Friday, October 24, 2025

European Reading Challenge #10

Note: Alan Watts sometimes spoke of materialists and abstractionists. Materialists are devoted to loafing and savoring the physical and the present while the abstractionists do their damnedest to make us materialist scamps “fit” or “correct” or “productive” or “future-oriented.” Mozart was a materialist: Listen to the waves. Beethoven was an abstractionist: Enjoy listening to the waves!

Mozart: A Life – Peter Gay

Wolfgang’s father Leopold was musically talented but Leopold ascribed to God his daughter’s prodigious musical proficiency and his son’s musical genius. Piety did not stop Leopold from taking the divinely inspired children on grueling road trips to perform at European courts. Uncomfortable carriages. Bad food. Epidemics. Nor could late nights and perpetual instability have been healthy for the two kids. It was on one of these long exhausting tours that our Mozart contracted rheumatic fever. He was to suffer periodic relapses of fever, swelling, rash, and fatigue in youth and adulthood. It’s not a stretch to claim rheumatic fever contributed to his early death, of exhaustion and over-work, at 35 years of age, in 1791.

Gay points out that young Mozart soaked up all the different genres of music he was exposed to: J.C. Bach for cantatas, Handel for fugues, Hayden for symphonies, and Gluck for operas. Mozart started composing when he was only a child of seven years old. Mozart found his own voice when he was about 16 years old, in the finale of KV 134 Symphony No. 21 in A major. His favorite genre was opera and many say he was the greatest opera composer of all time.
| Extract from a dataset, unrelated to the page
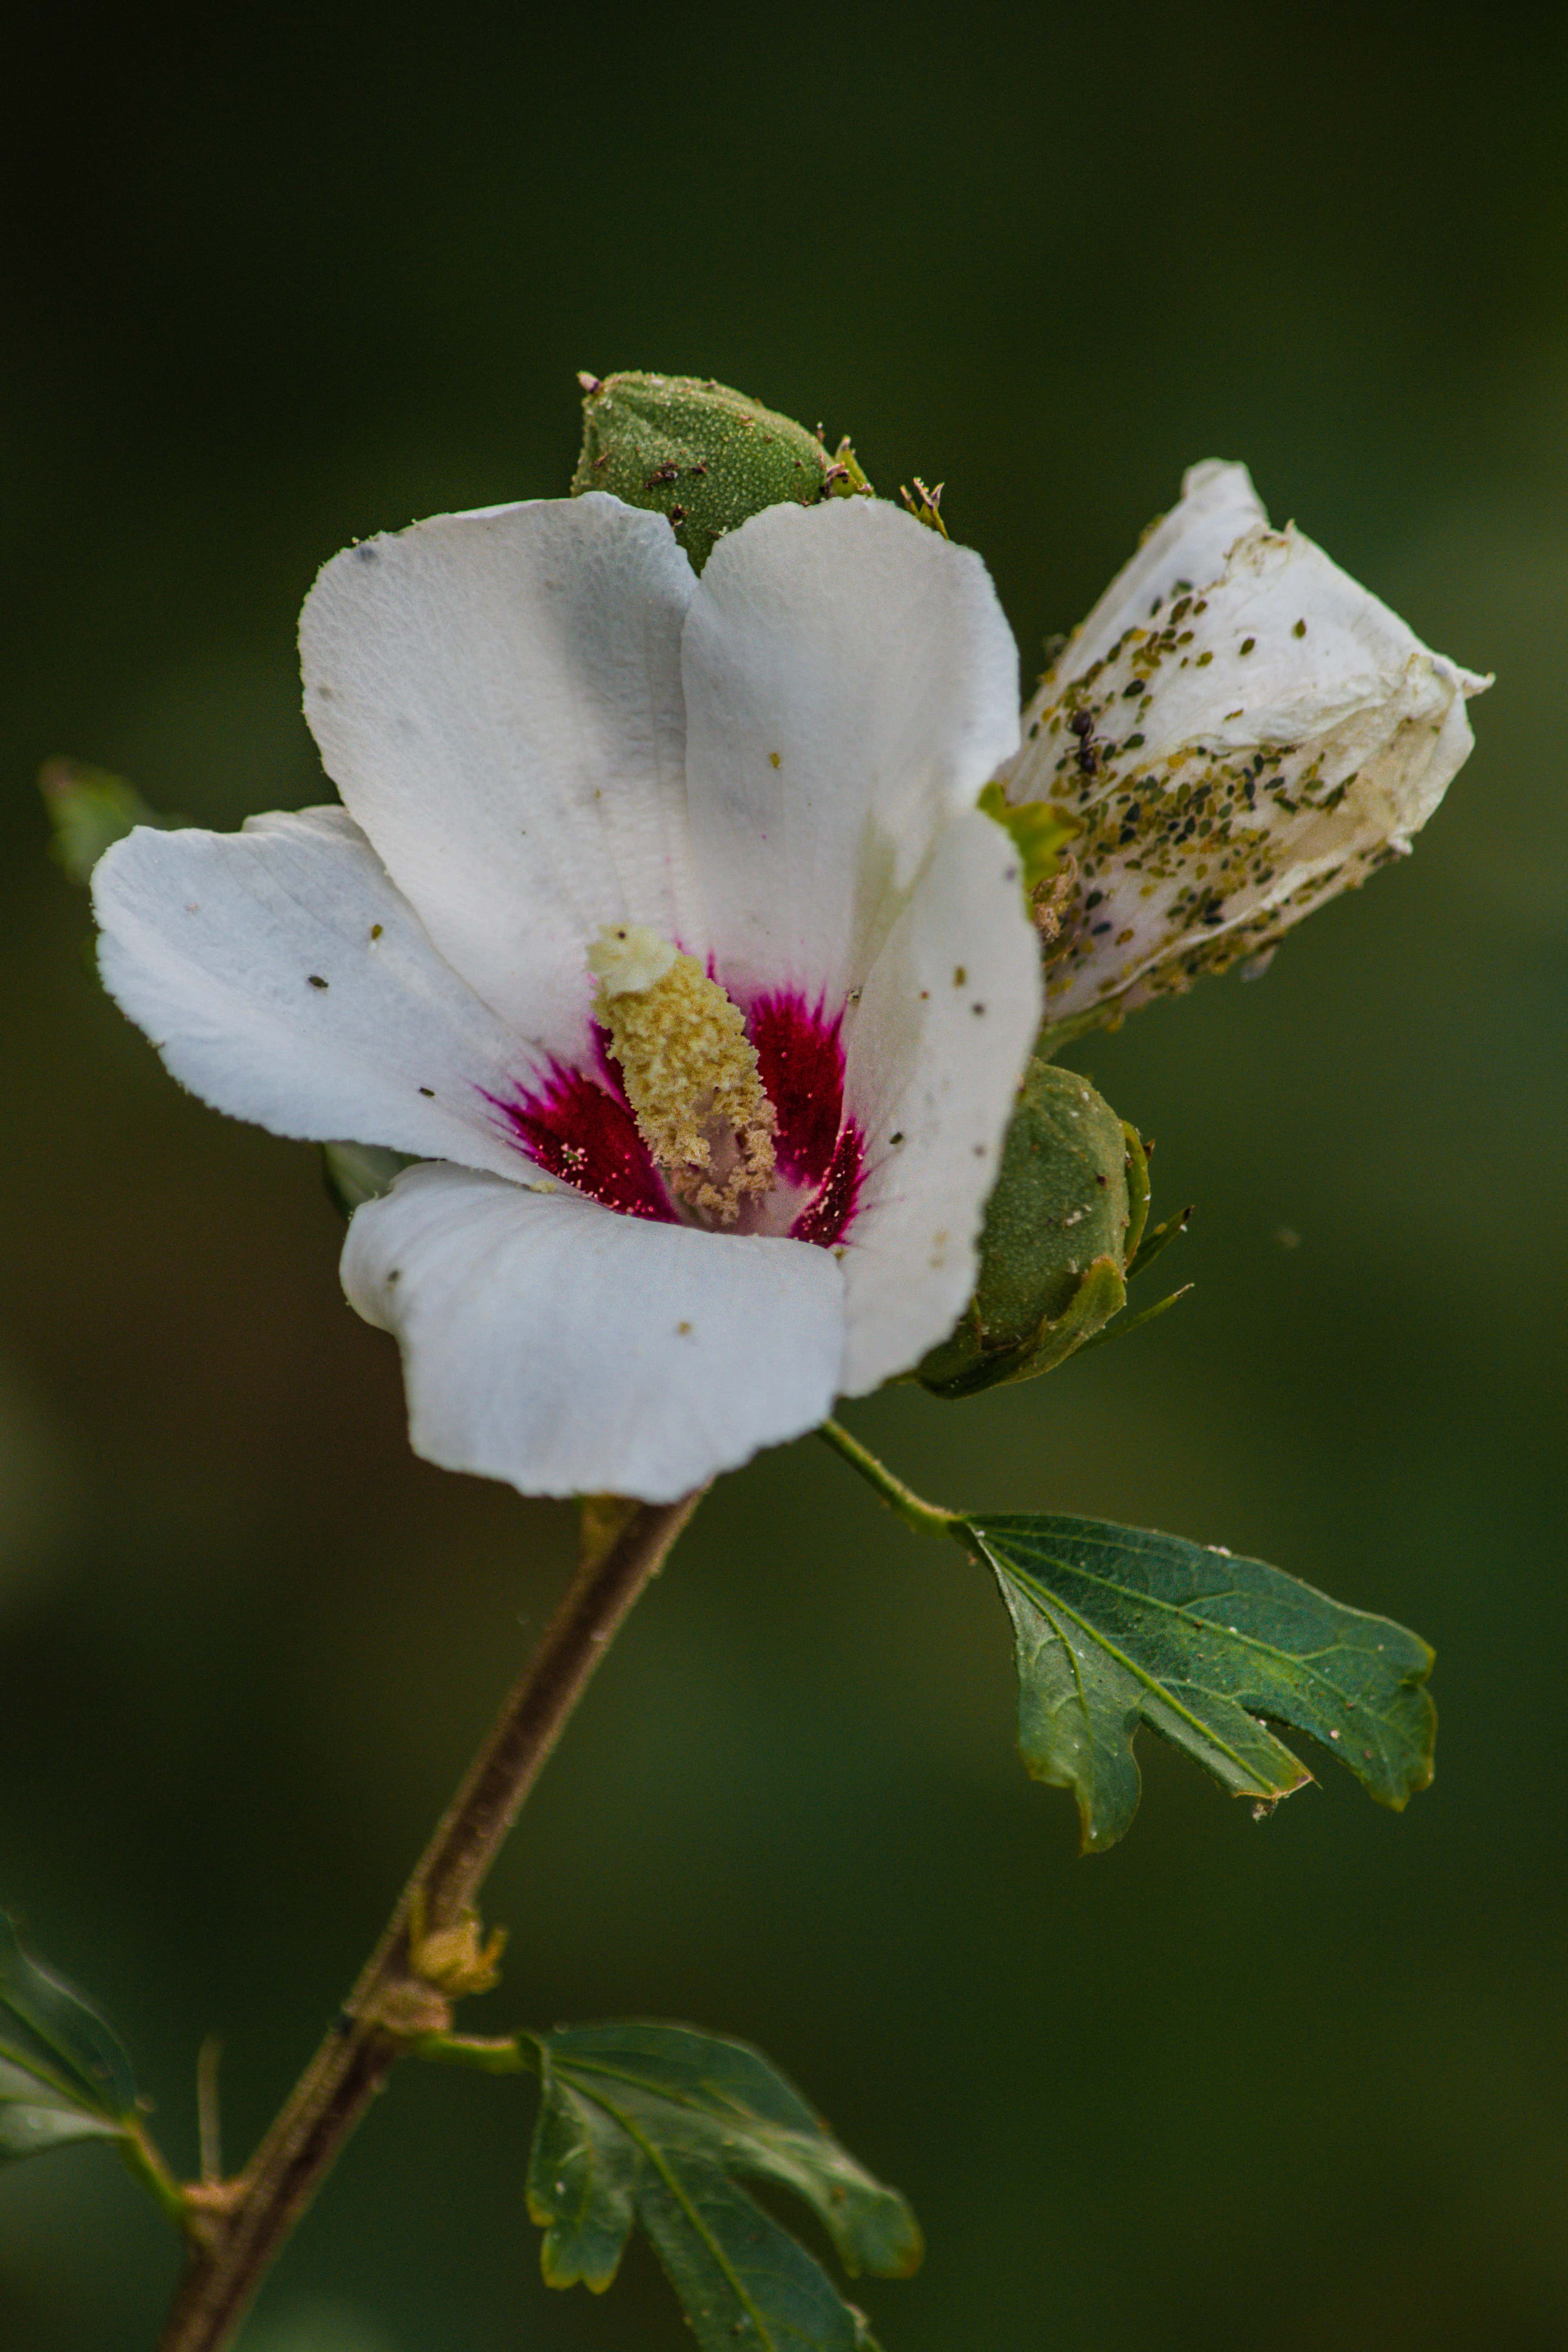 Image libre: fleur blanche, pistil, fermer, pollen, petit, insecte,  punaise, fleur, jardin, pétale
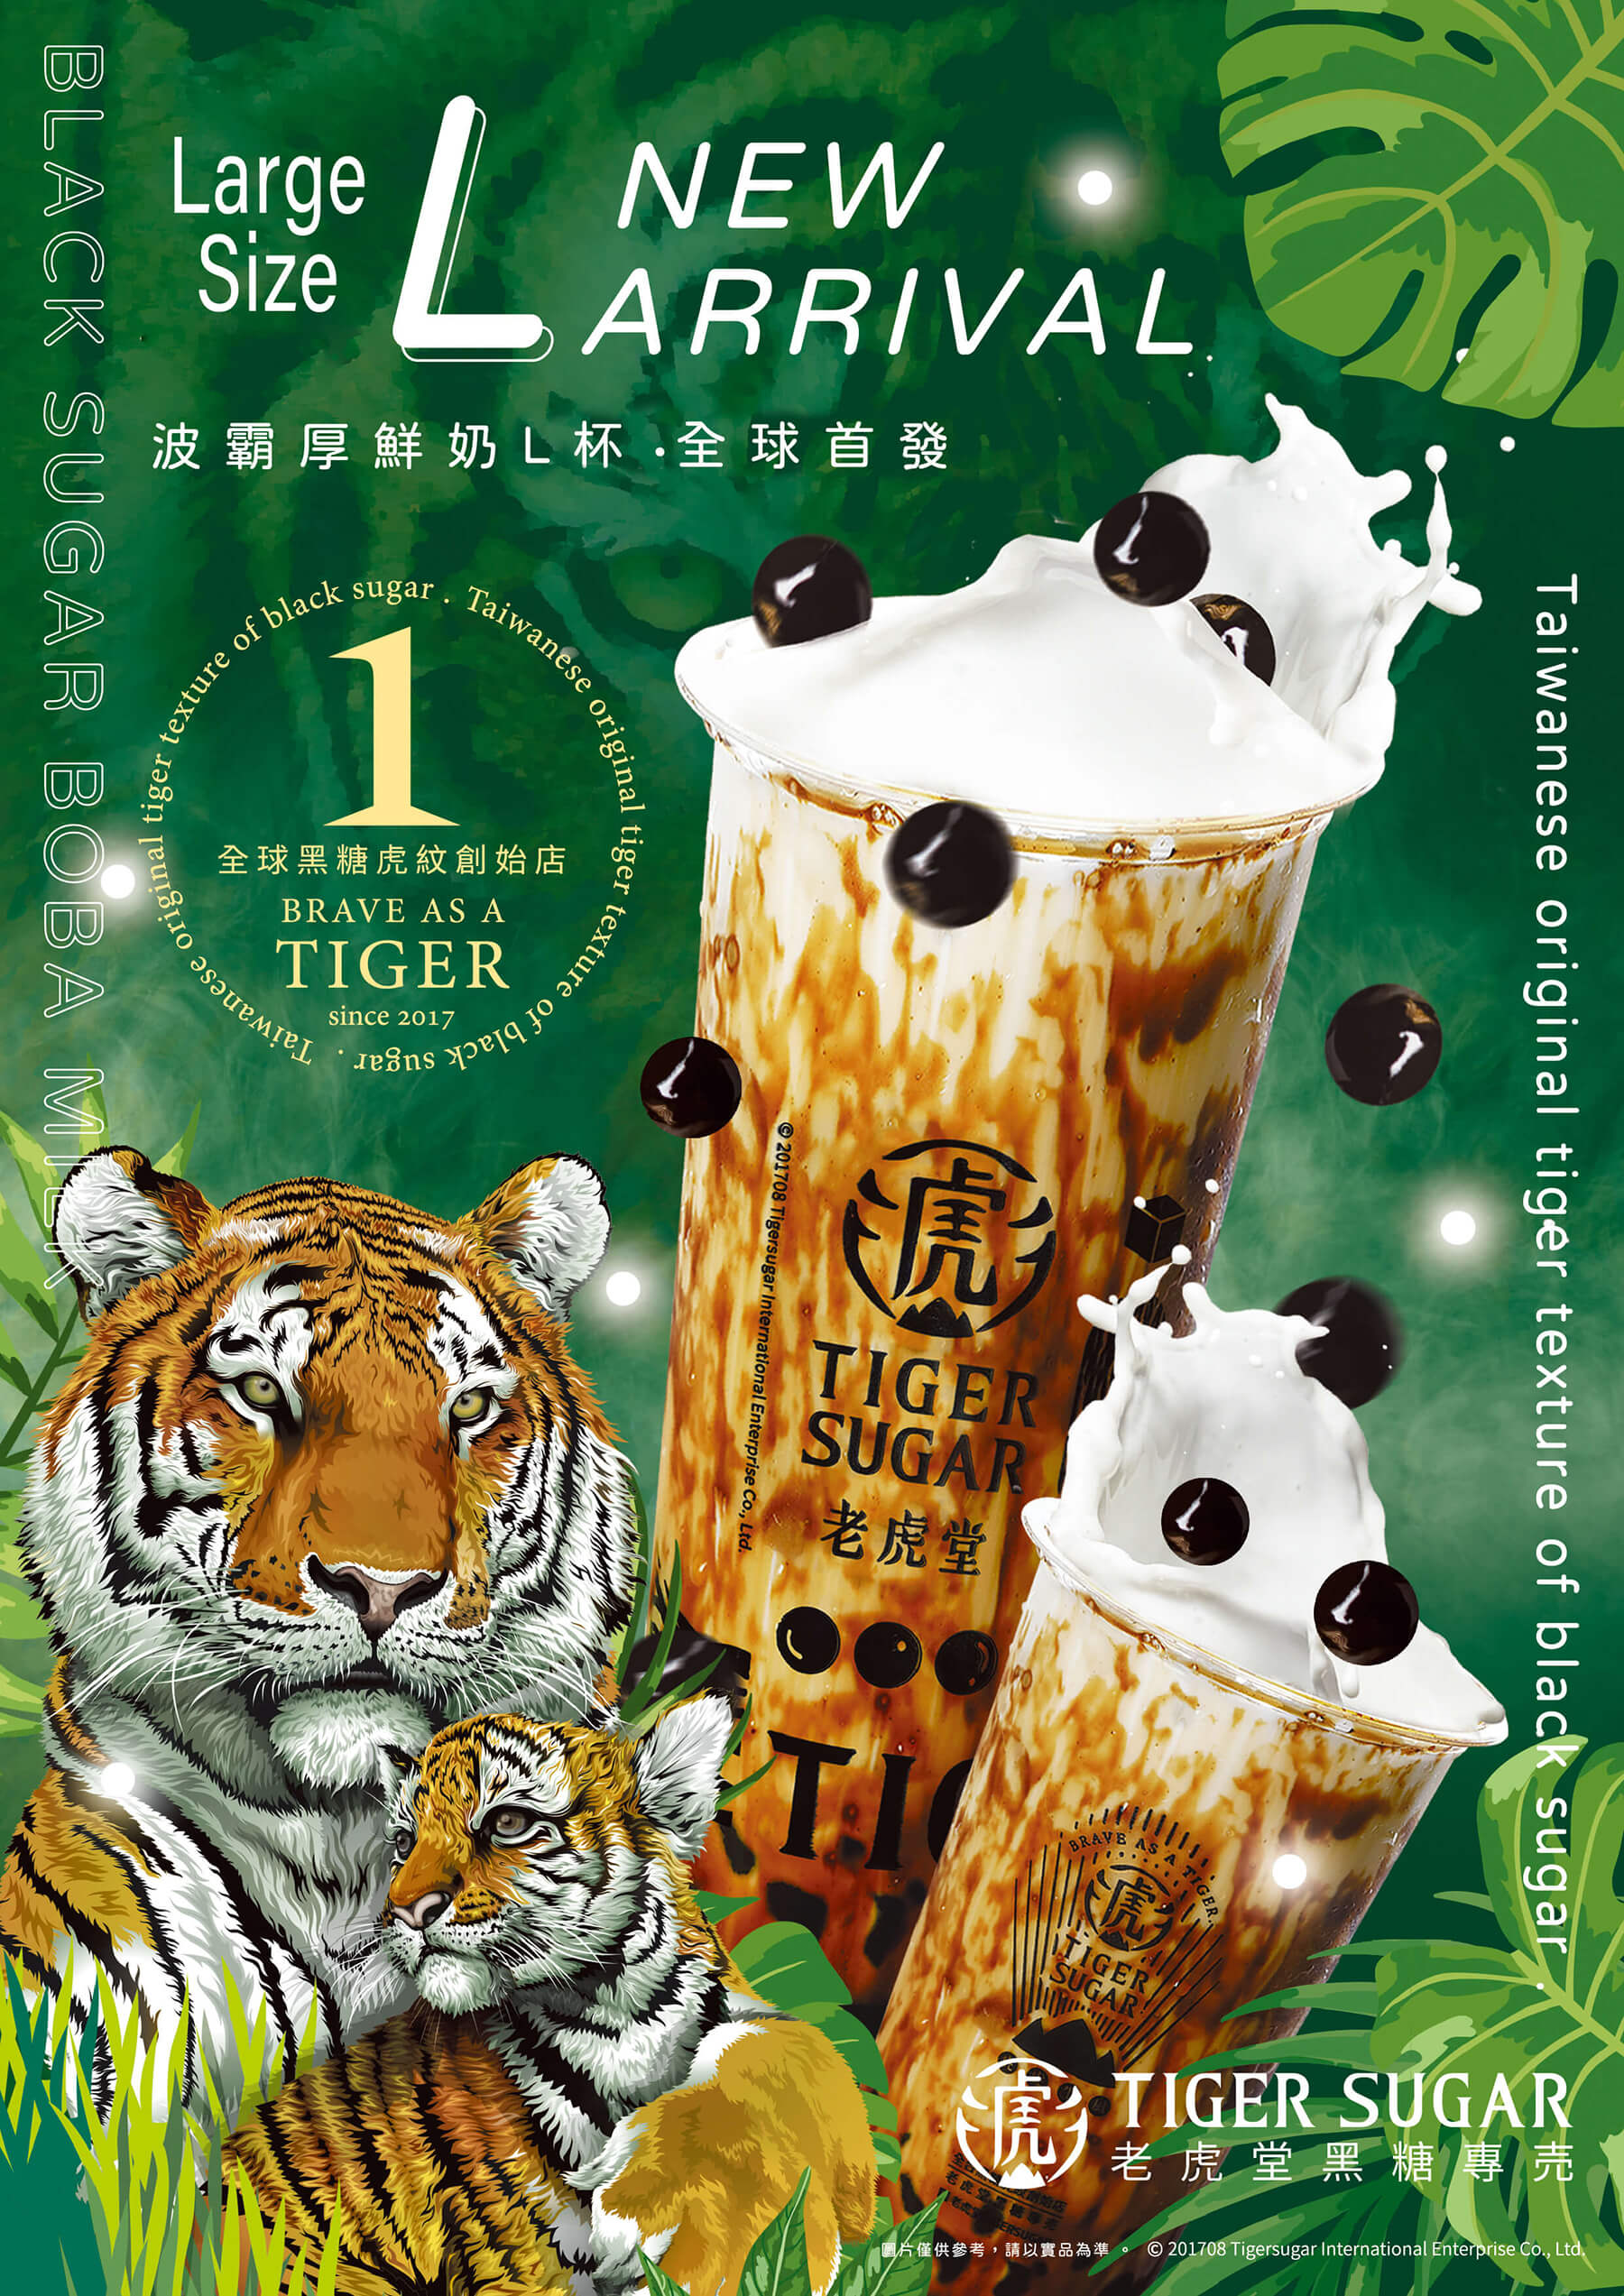 Tiger Sugar

Not a musicologist, historian Gay discusses the music in lay terms for the general reader. Gay also mentions Mozart‘s practical jokes and sense of comedy. And quotes scatological passages from letters that may be hilarious or bewildering, depending on the reader’s predispositions. Not a womanizer, Mozart was fond of strong women – wife Constanze was decidedly not a ditz though she was a soprano* - and featured strong women characters in his operas.

The short biography is for readers that want the highlights of the life and times of the subject. Without being callous about it, Gay offers contra-Romantic views of Mozart’s last year and his demise. For instance, though many people sigh at the forlorn image of a simple cart taking the remains of the neglected abused artist to a common grave with no stone or flowers, there was no way Mozart’s estate, facing huge debt, could pay for a private funeral. 

Its only drawback is that while it lists many books for further reading, it does not list recordings that experts would recommend to the lay listener. I know it is beyond the scope of the life, but interesting would have been a chapter on the history of the Mozart legend and how after WWII the Mozart we know today was constructed by the recording industry and notables such as Malcolm Bilson, Sir John Eliot Gardiner, Sir Charles Mackerras, Alfred Brendel, Wolfgang Meyer, and Nikolaus Harnoncourt.


* “Why is there a soprano outside of your door? She can't find the key and doesn't know when to come in” is just one egregious example of the appalling stereotypes that dog sopranos to this day.